I am running this on Databricks. There is no yarn integration.
I believe this is not true. Internally, Databricks run their Spark on Hadoop as well.
What we need is full logs from executors and driver
I found these logs under spark driver logs. Are these sufficient? Log4j: http://txt.do/1d0iv StdErr: https://file.io/OPri5A StdOut: https://file.io/G37Zar
Thank you @sasikiran, will have a look
Could you please try the nightly build from this link? We changed some internal configuration which my influence this behavior https://h2o-release.s3.amazonaws.com/sparkling-water/rel-2.4/nightly/91/index.html
Thank you!
Thanks @jakubhava. I used the nightly build on the same cluster with same code. The error remains same as well. Do you want me to share the logs again?
Oki, thank you! I think it is fine, we will think about what we can do.
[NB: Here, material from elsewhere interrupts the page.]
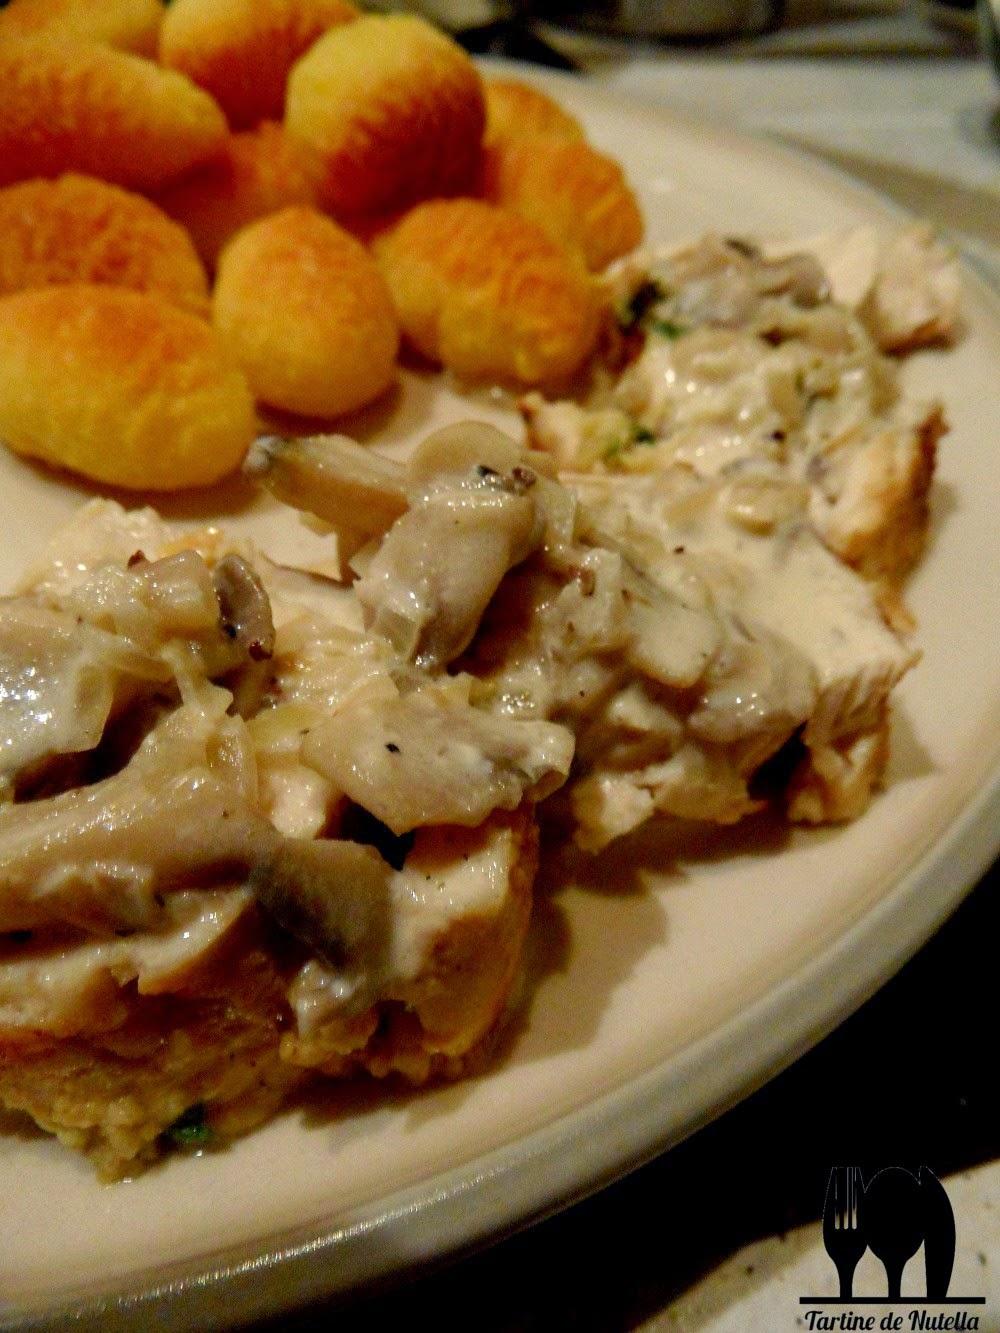 Repas de fête - Médaillons de poulet farcis aux légumes sauce champignons de Paris & Pommes croquettes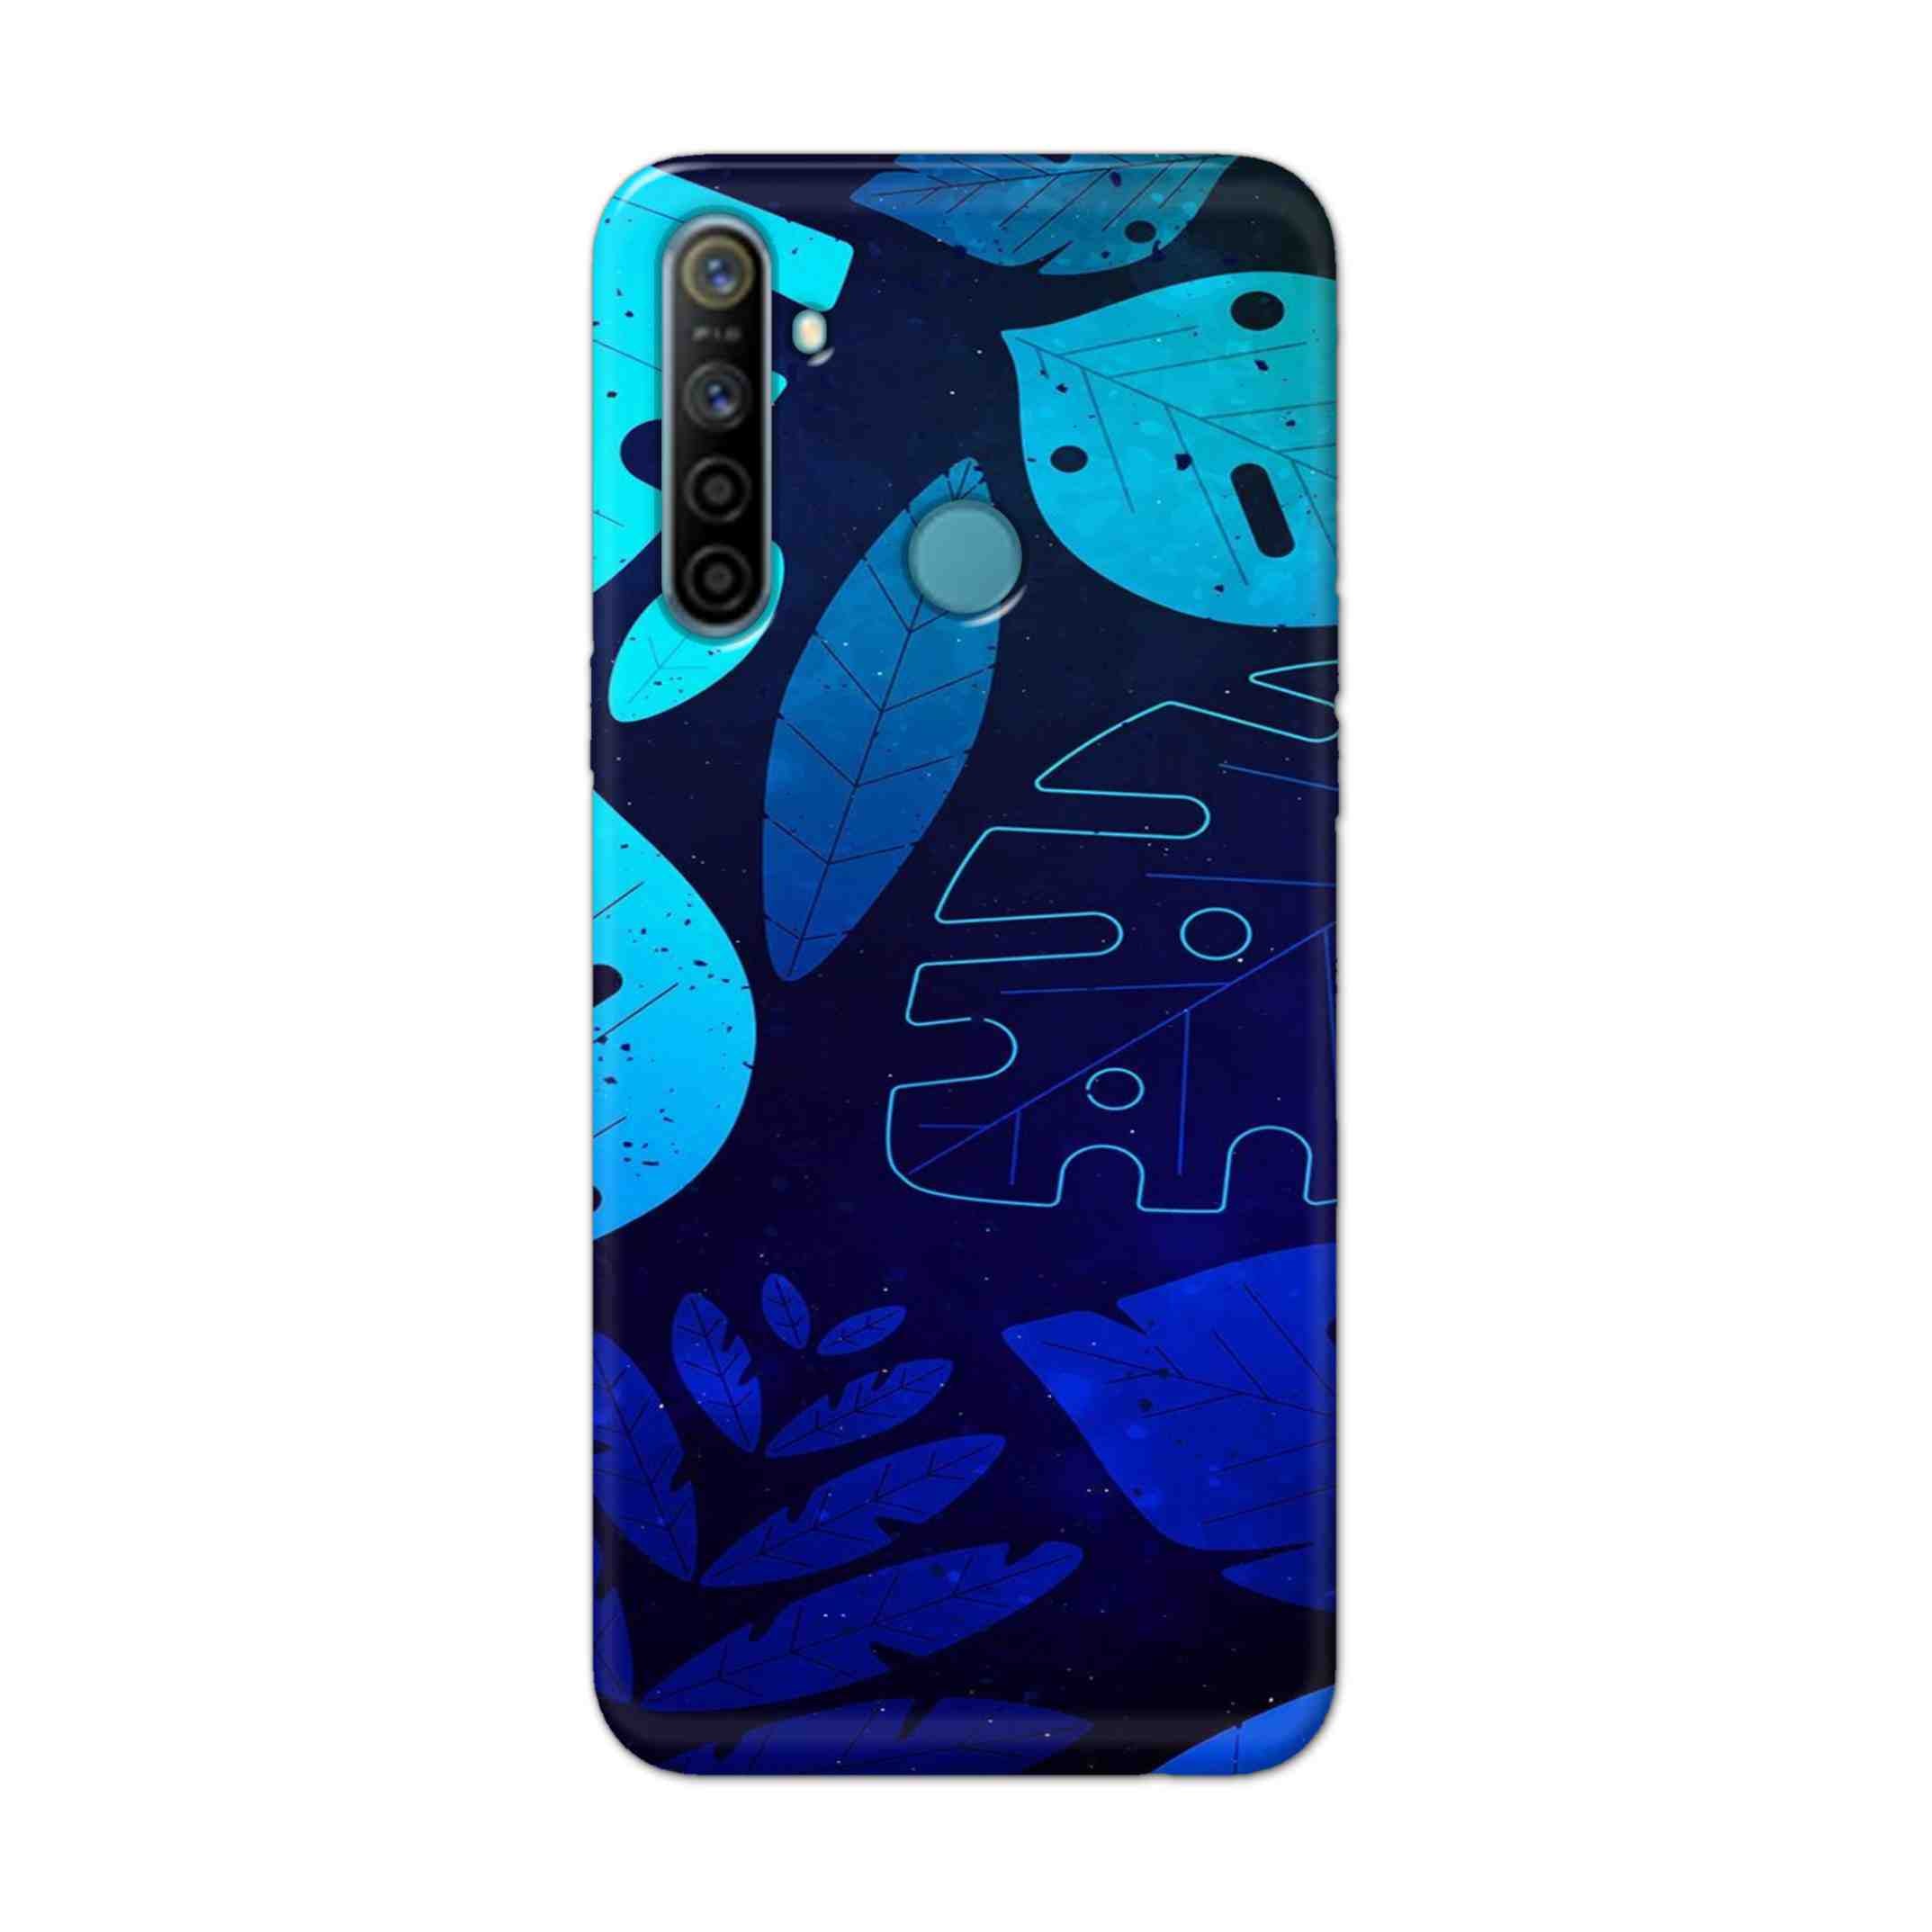 Buy Neon Leaf Hard Back Mobile Phone Case Cover For Realme 5i Online

Hi @sasikiran, we have been working on a better solution. Can you please give it another try and try this nightly release? This one should do http://h2o-release.s3.amazonaws.com/sparkling-water/rel-2.4/nightly/98/index.html
Hi @jakubhava, thanks for the update. I tried it out using the new nightly build. I am getting a different error this time. I tried it in both R and Scala.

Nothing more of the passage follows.